Why does this produce seemingly abstract knowledge? Because the cheapest way to predict language at scale is to internalize the latent structure that generated it: human conventions of grammar, stable facts about the world, common-sense regularities, and task patterns (definitions, explanations, step-by-step solutions). The network’s continual self-modification—Turing’s pupil—pushes its internal tables toward representations that make these regularities linearly separable and compositionally usable during generation.

Book Structure

This book is organized into three parts that build progressively from foundational concepts to cutting-edge applications:

  • Part I: Bayesian Foundations — Probability as the language of uncertainty, Bayesian inference for updating beliefs, decision theory and utility for choosing actions, and reinforcement learning as sequential decision-making. This part develops the mathematical framework for reasoning under uncertainty that underlies all modern AI.

  • Part II: Statistical Learning — Regression methods from linear to regularized, tree-based methods including random forests and gradient boosting, time series and forecasting, and model selection principles. These chapters cover the classical machine learning toolkit that remains essential for production systems.

  • Part III: Deep Learning — Neural network fundamentals, convolutional networks for vision, sequence models and attention mechanisms, large language models, and AI agents. This part explores the architectures powering today’s most capable systems.

This unified approach brings together ideas from probability and statistics, optimization, scalable linear algebra, and high-performance computing. While deep learning initially excelled in image analysis and natural language processing, it has since expanded into diverse fields—from drug discovery to algorithmic trading—becoming a core tool for modern data scientists. Modern methodologies, software, and cloud computing make these techniques accessible to practitioners who previously relied on traditional models like generalized linear regression or tree-based methods. The ability to learn complex patterns and generate accurate predictions makes this an exciting methodology, and we hope to convey that excitement.

Course Plans

This book is targeted towards students who have completed introductory statistics and high school calculus. Basics of probability, statistics, and linear algebra are revisited as needed. We make extensive use of computational tools: R for statistical modeling and probability chapters, as well as PyTorch and JAX for deep learning. The material can be adapted for different audiences and time constraints:

Introduction to AI for MBAs (One Semester)

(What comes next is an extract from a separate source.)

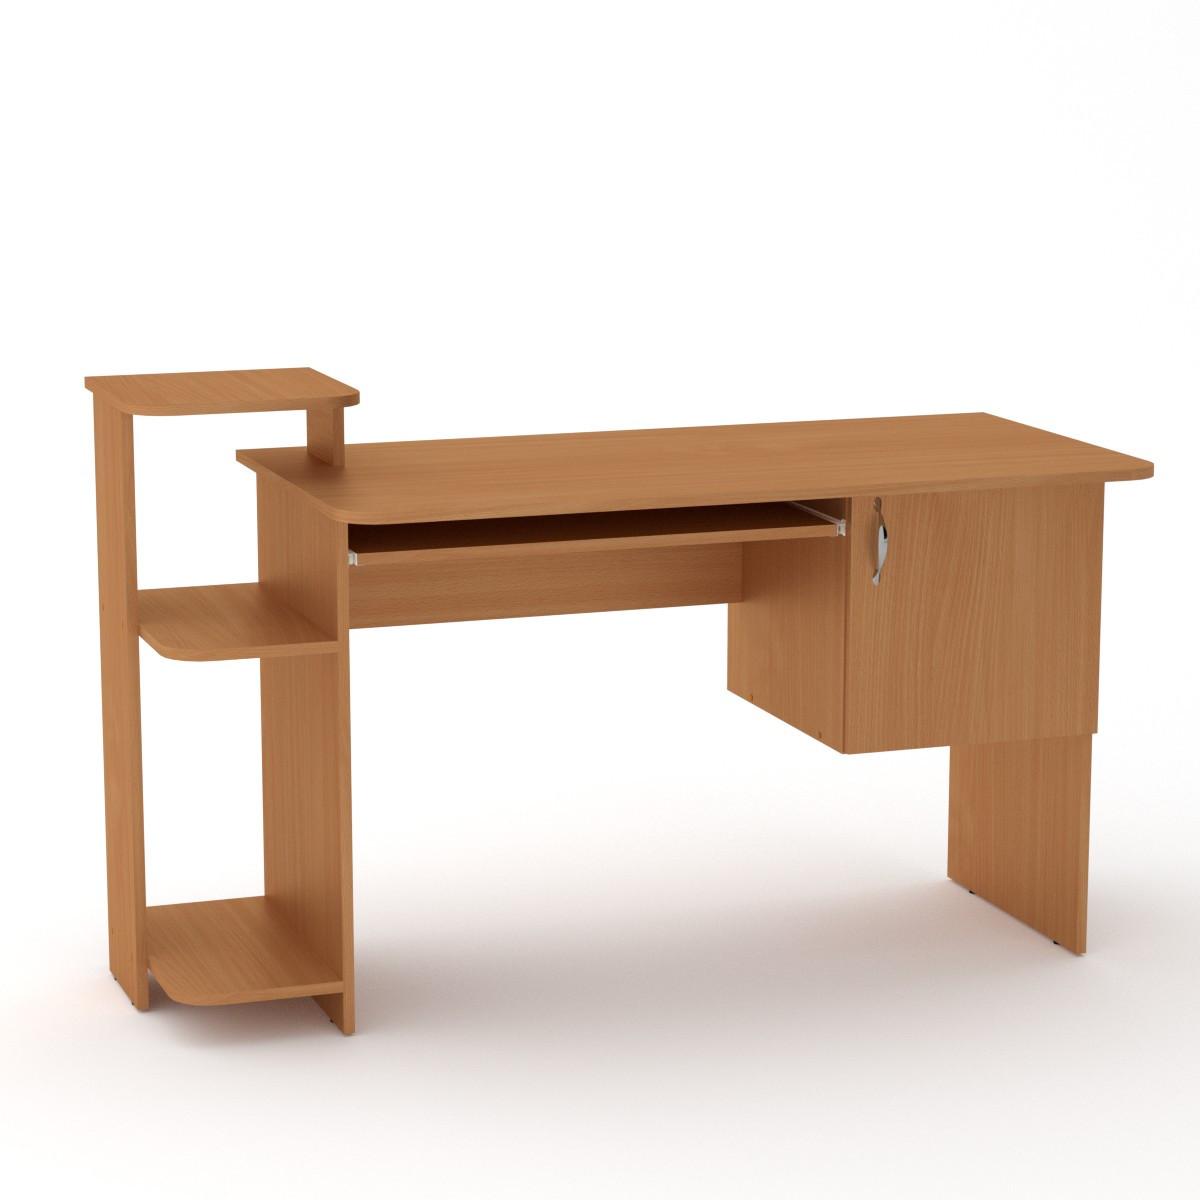 Стол компьютерный СКМ-3 бук Компанит (142х60х87 см)

Chapters (theoretical sections skipped): Probability (1), Bayesian Inference (2), Decision Theory (4), A/B Testing (5), Pattern Recognition (11), Regression (12), Logistic Regression (13), Trees (14), Model Selection (16), Neural Networks up to backpropagation (18), Natural Language Processing (23).

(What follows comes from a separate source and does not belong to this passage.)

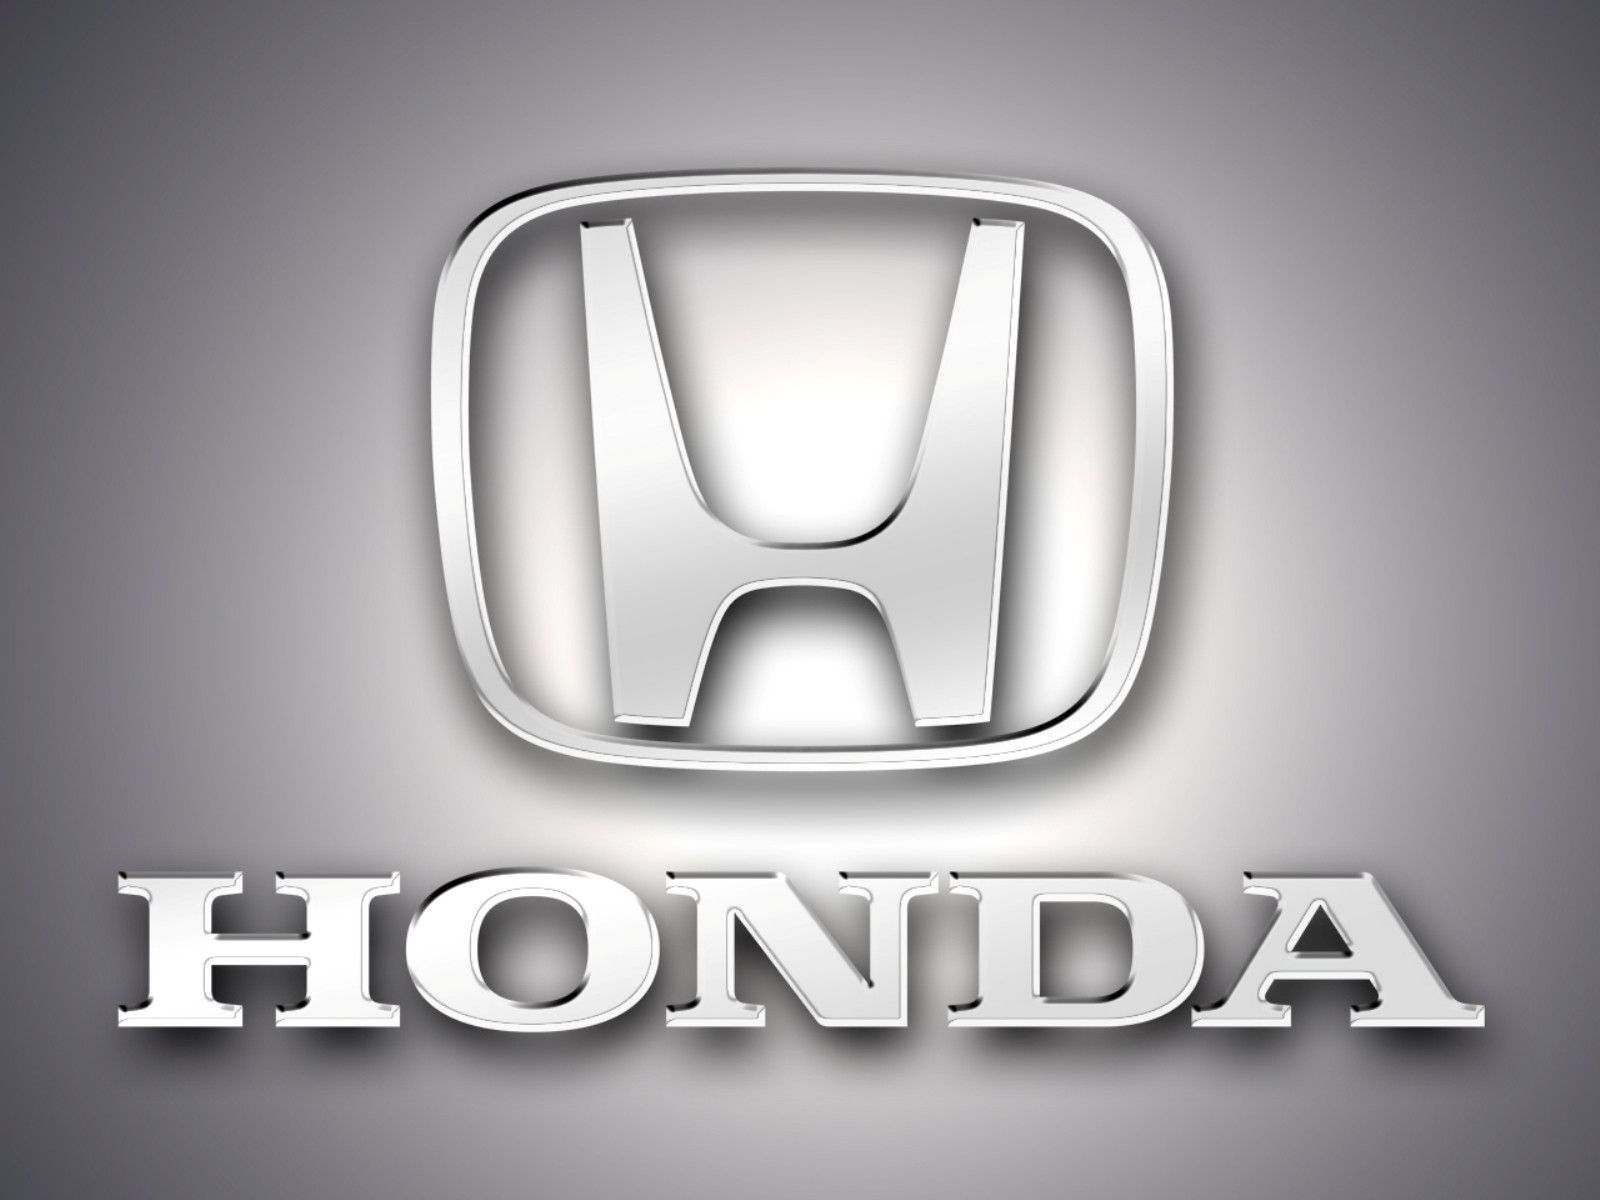 Хонда рафага фото специально

Learning Outcomes: Evaluate AI claims critically and identify hype versus substance. Understand when machine learning adds value versus traditional analytics. Communicate effectively with data science teams about requirements and limitations. Assess and quantify uncertainty in business decisions. Make informed build-versus-buy decisions for AI capabilities.

Foundations of AI for Engineering MS (One Semester)

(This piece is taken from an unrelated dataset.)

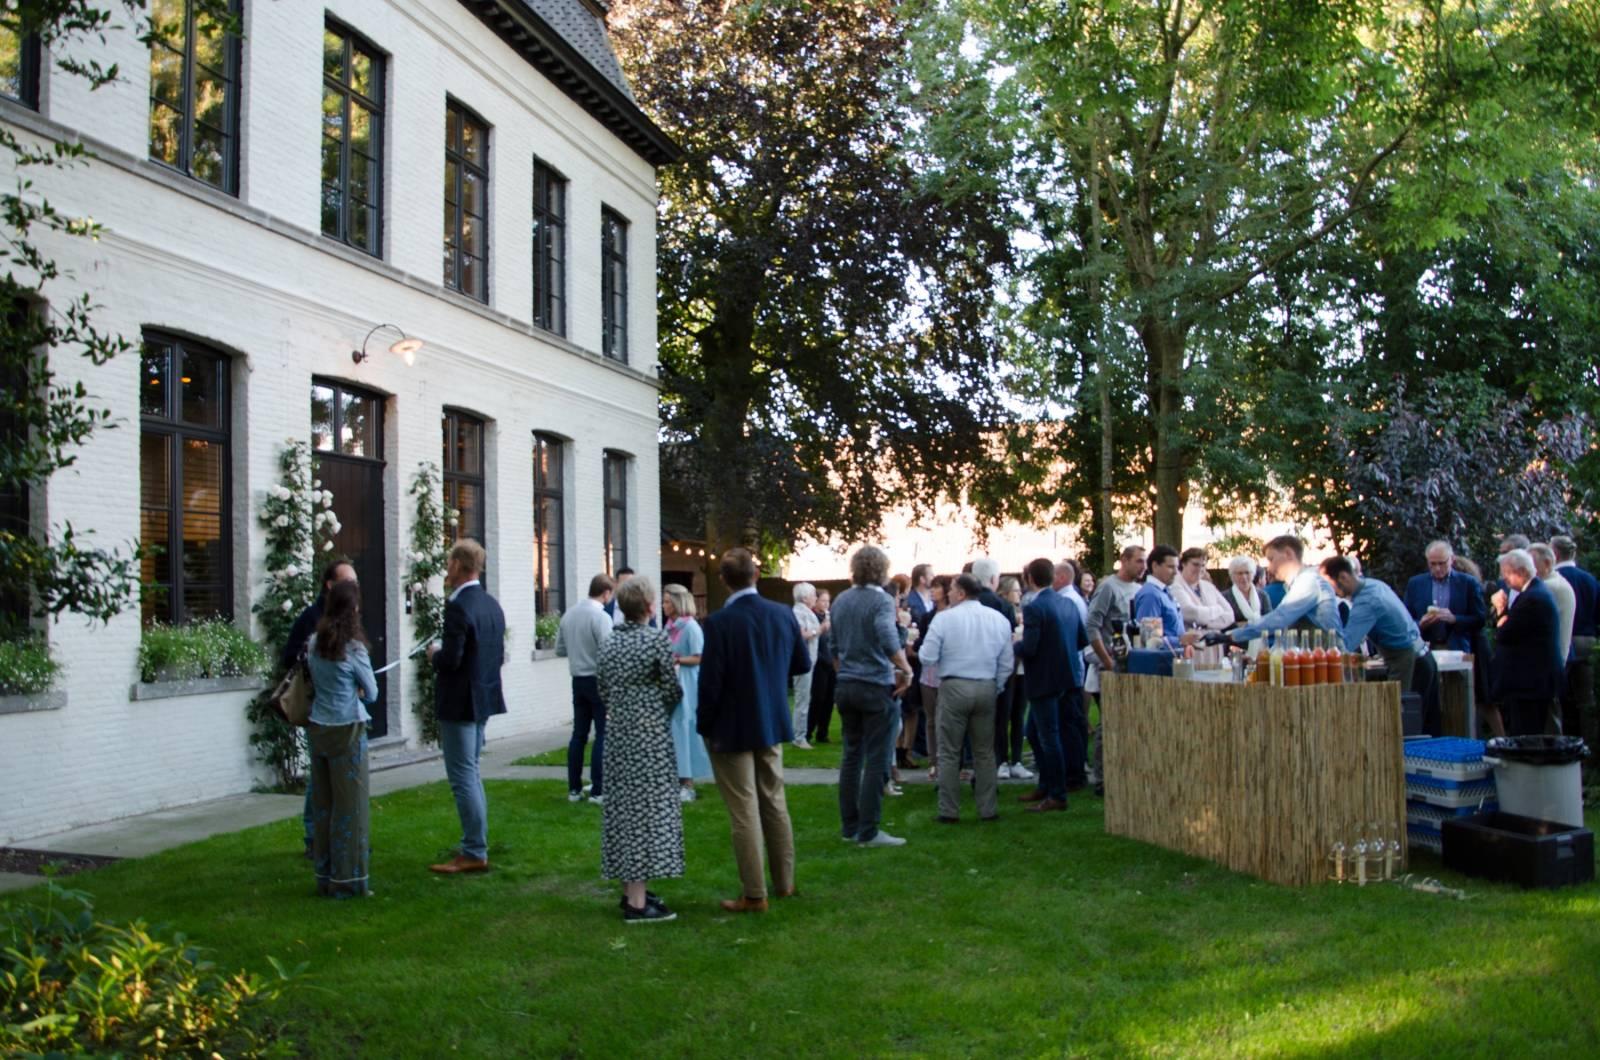 Pastorie Caeneghem - Eventlocatie - House of Events - 50

Chapters (theory sections optional): Probability (1), Bayesian Inference (2), Bayesian Learning (3), Decision Theory (4), A/B Testing (5), Stochastic Processes up to Markov chains (7), Reinforcement Learning (9) (briefly introduce concepts of sequential decision making), Pattern Recognition (11), Regression (12), Logistic Regression (13), Trees (14), Model Selection (16), Neural Networks (18), SGD and Optimization (20)

Learning Outcomes: Implement machine learning models from scratch using PyTorch and JAX. Derive learning algorithms mathematically and understand their convergence properties. Design AI systems for production deployment including testing and monitoring. Quantify, propagate, and communicate uncertainty throughout the modeling pipeline. Evaluate and extend state-of-the-art methods from research literature.